According to Ritesh Kotak, a digital technology expert, it’s important to keep up with your “cyber hygiene” as well to ensure you don’t become a victim of digital fraud.
The CRA temporarily suspended its online services on the weekend in response to the cyberattack. The agency, which has been used by thousands of Canadians during the pandemic to apply for the $2,000-per-month Canada Emergency Response Benefit (CERB) for COVID-19, said the attack was a “credential stuffing” scheme.
One victim told the Canadian Press that someone who had hacked into her account applied for CERB in her name and received funds by using her information.
But what is “credential stuffing”? And how can Canadians stay safe?
“A credential is a username and password, and stuffing is when, essentially you have these usernames and passwords and you test them against very popular sites,” Kotak told CTV News.
Hackers who have acquired hundreds of usernames and passwords will turn to bots to see if the account details allow them access to anything.
“This bot will actually go out, and it will try to input your username and password into popular sites, and if there’s a match, then the fraudster gets notified,” Kotak said.
“So the big question is, how do these hackers even get your username and password?
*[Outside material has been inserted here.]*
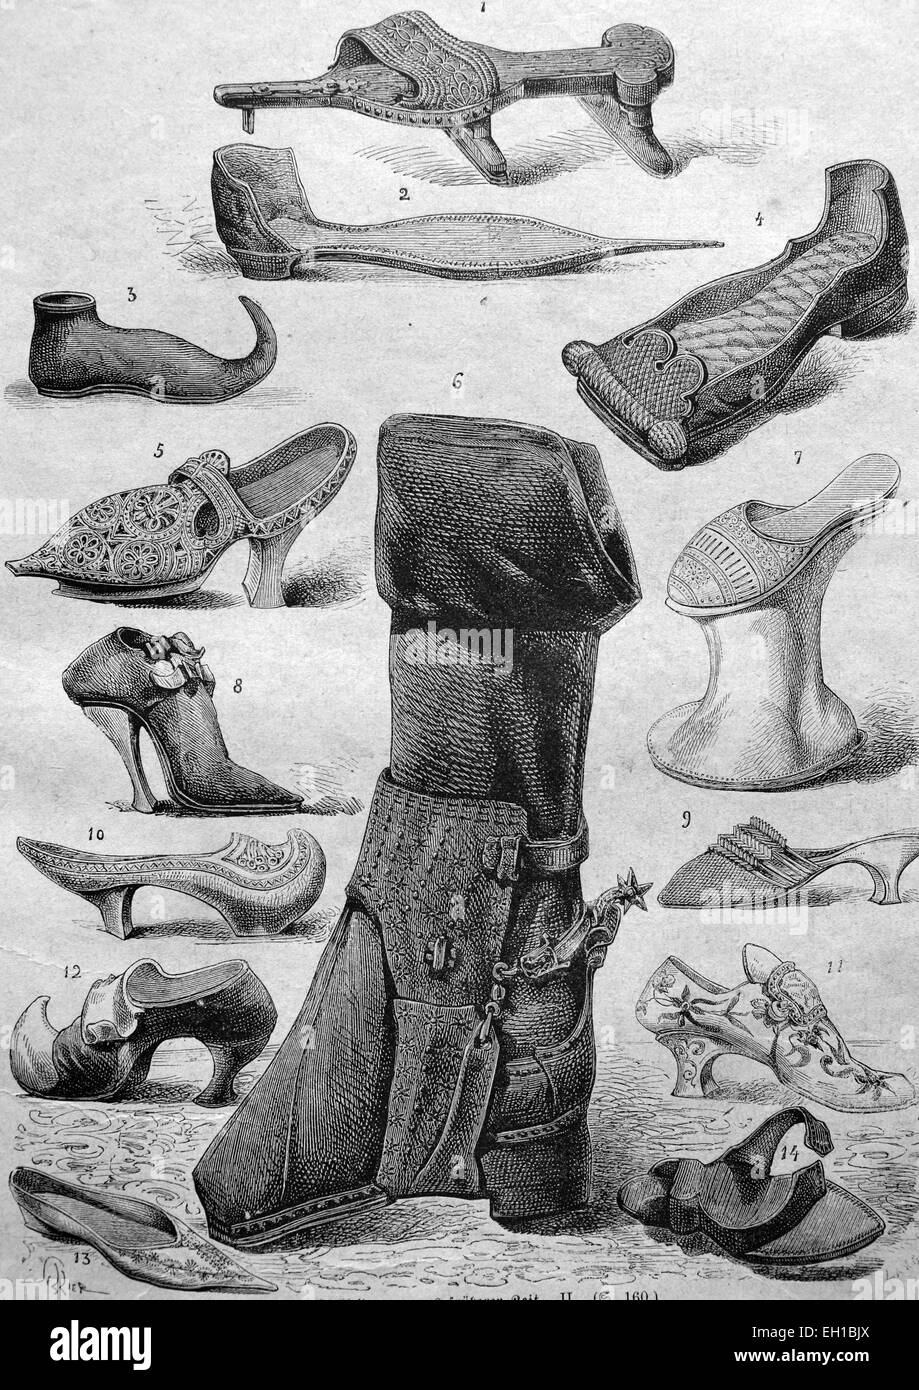 Scarpe moda dal Medioevo, 1 stampella scarpa, 2 - picco appuntito calzatura o poulaine, 3 - Pattino di picco o poulaine, 4 - pattino piatto, 5 - Pattino di legno, all'inizio del XVII secolo, 6 - stivali da cavallo, 7 - Kuehfuss, 8 - tacchi alti, 9 - pantofole dall'epoca della rivoluzione francese, 10 - legno patten, 11 - Veneziano scarpa in cuoio 12 - scarpe di legno con una saldatura in pelle-13 - Atlas scarpa di un cortigiano 14 - semplice di legno scarpa, illustrazione storico, 1877 Foto Stock

And the most common way is through other breaches.”
If financial institutions, hotels, airlines or any place you have given your information, get hacked, that personal information, such as a username, an email address and a password, can now be accessed and shared, Kotak explained.
“And if you’re re-using your username and password, you now become vulnerable to these types of attacks.”
If the login you’ve used to book a hotel that suffers a breach is the same as your login for your bank account, or another account that contains banking details on it, these hackers can gain access to an extraordinary amount of data.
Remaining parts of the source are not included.